Kayla Heffernan, welcome to the User Experience podcast.

Kayla Heffernan

Hi Gerry, thanks for having me.

Gerry:

I guess let’s start with the obvious question; what is an insertable?

Kayla:

Well, we coined the term insertable to refer to any device that goes in through or underneath the skin. So they’re voluntary devices which are chosen to be inserted out of a person’s free will and their own personal agency.

Gerry:

And when you say “we” you mean…

Kayla:

My supervisors and I, Frank Vetere and Shanton Chang, my PhD supervisors.

Gerry:

So we are talking specifically about non-medical use?

Kayla:

Yes. Everything that’s currently available is for is not a medical device. So there are devices that can be used for wellbeing purposes like the Looncup, which is a digital menstrual cup but it’s not a medical device and, unlike medical devices, they’re chosen. With a medical device you don’t often have a choice. You do it or you’re in big trouble basically, whereas these are totally optional, totally voluntary.

Gerry:

And I think, I had a preconceived idea that people who would use insertables would be kind of “out there,” you know they’d be pretty apparent when you met them on the street and in fact you mentioned Stelarc in the paper. Can you tell us a little bit about Stelarc because people may not know who he is?

Kayla:

Yes, Stelarc is a performance artist who probes and amplifies his body in weird and wonderful ways. So he’s famous for things like the third hand which was a mechanical arm attached to his body and controlled by EMG muscle stimulation. He’s done lots of body suspension performances where his body is physically suspended from the ceiling with hooks through the skin of his back. He’s done a stomach sculpture, which was inserted into his stomach cavity and then opened up and did a bit of a performance as an aesthetic addition. He didn’t have a medical need for this at all and probably he’s most famous for his third ear, which is constructed on his arm. This ear has had an audio sensor in the past so it could essentially hear. While that’s not currently in, it is a work in progress once the ear is a bit more fully formed, bit more of a proper ear structure, he’ll probably get it back in.

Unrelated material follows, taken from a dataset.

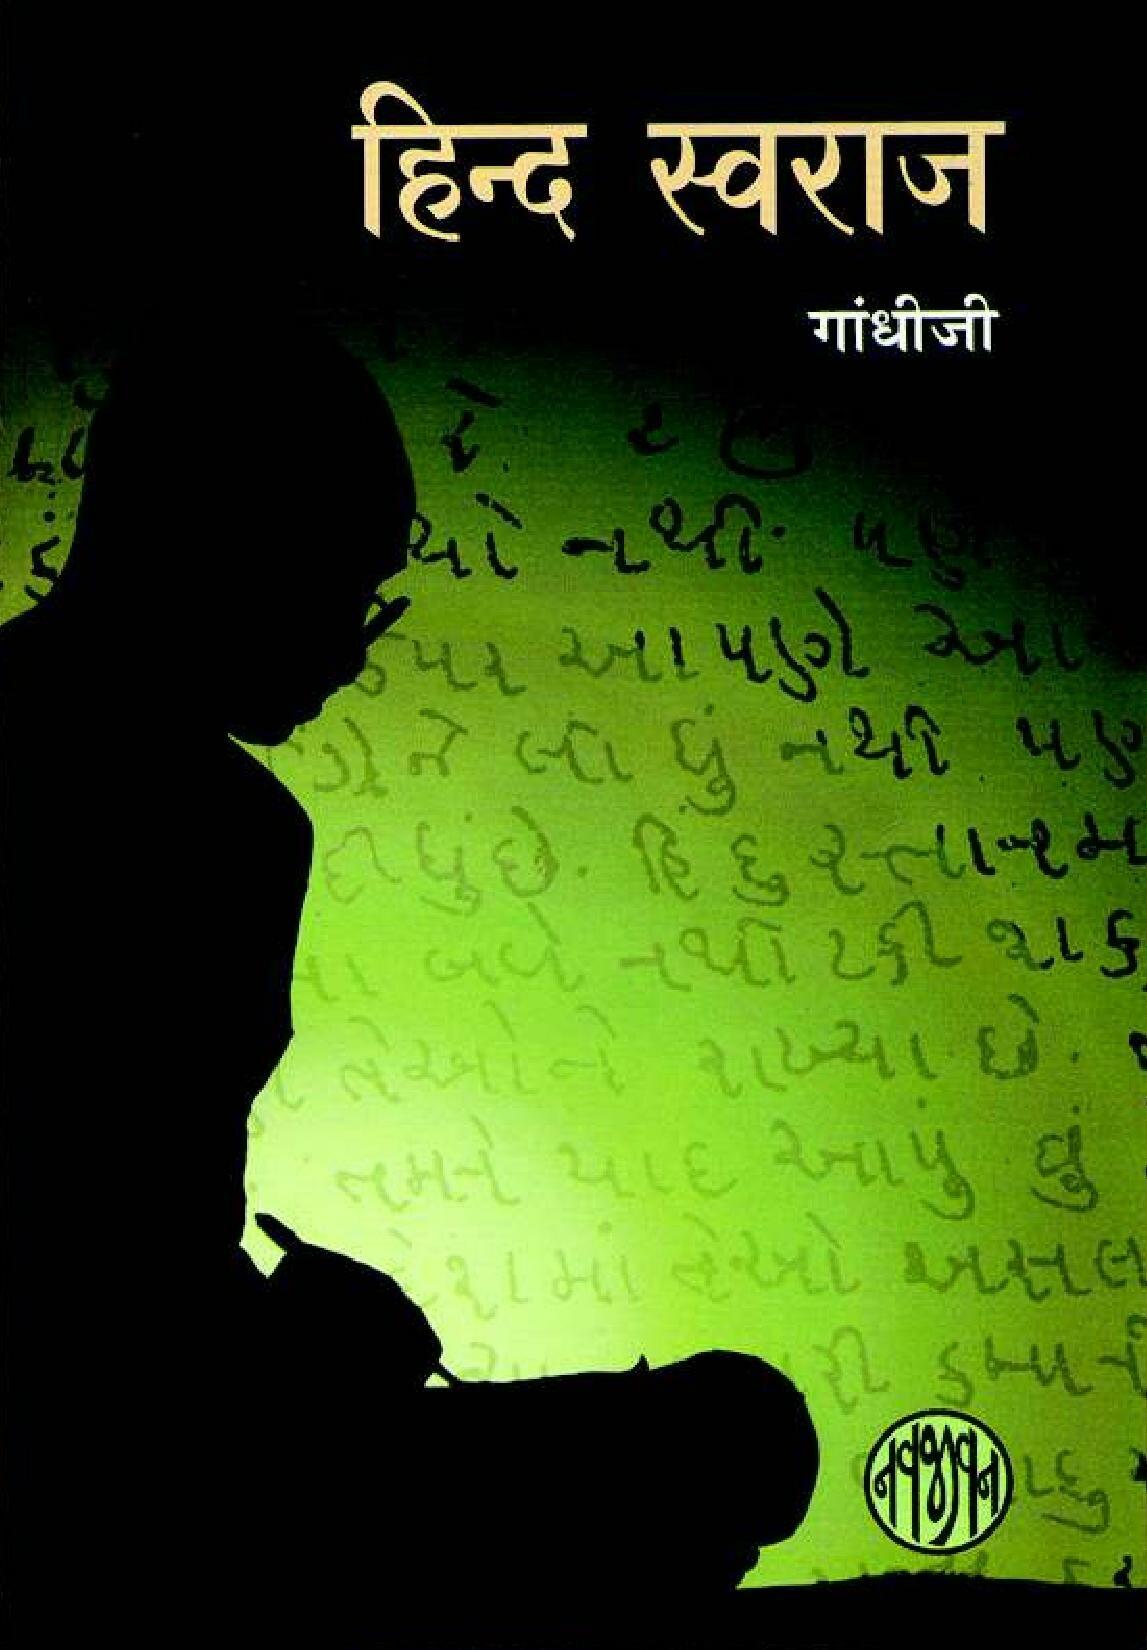 gandhi swaraj concept

So that’s as close as Stelarc gets to an insertable. For him it’s about artistic expression and not these convenience-oriented solutions. When I spoke with him after OzCHI in Melbourne last year he actually said he probably wouldn’t get one of these devices because he doesn’t see the point, which is kind of interesting given all the things he is willing to do with his body.

Gerry:

Yeah, he’s an interesting character. But you focus, so he’s not somebody that’s of interest to you especially at all I guess, being on the extreme end of things? Is that fair to say?

Kayla:

Yeah, most people who have these wouldn’t go anywhere near as far as Stelarc has. I have had one participant who did a body suspension but he’s probably one of the more out-there ones.

Gerry:

Now in the paper you focused on 17, I think it was seventeen people in your research, many of them were very ordinary. Were you surprised by that?

Kayla:

I wasn’t entirely surprised that they were all sort of quote unquote “normal” because of what I’d seen from just Googling when learning this was a phenomenon. The early adopters and people who started the movement were mostly male Caucasian IT guys looking to hack a solution to a particular problem. And so while some of the 17, and it’s now getting up close to 20 as we continue interviews, do have tattoos and piercings, but not significantly more than the general population. And for most of them, well some of them anyway, they personally would never get a tattoo or a piercing. They don’t even see this is the same thing; one is aesthetic whereas what they have is functional.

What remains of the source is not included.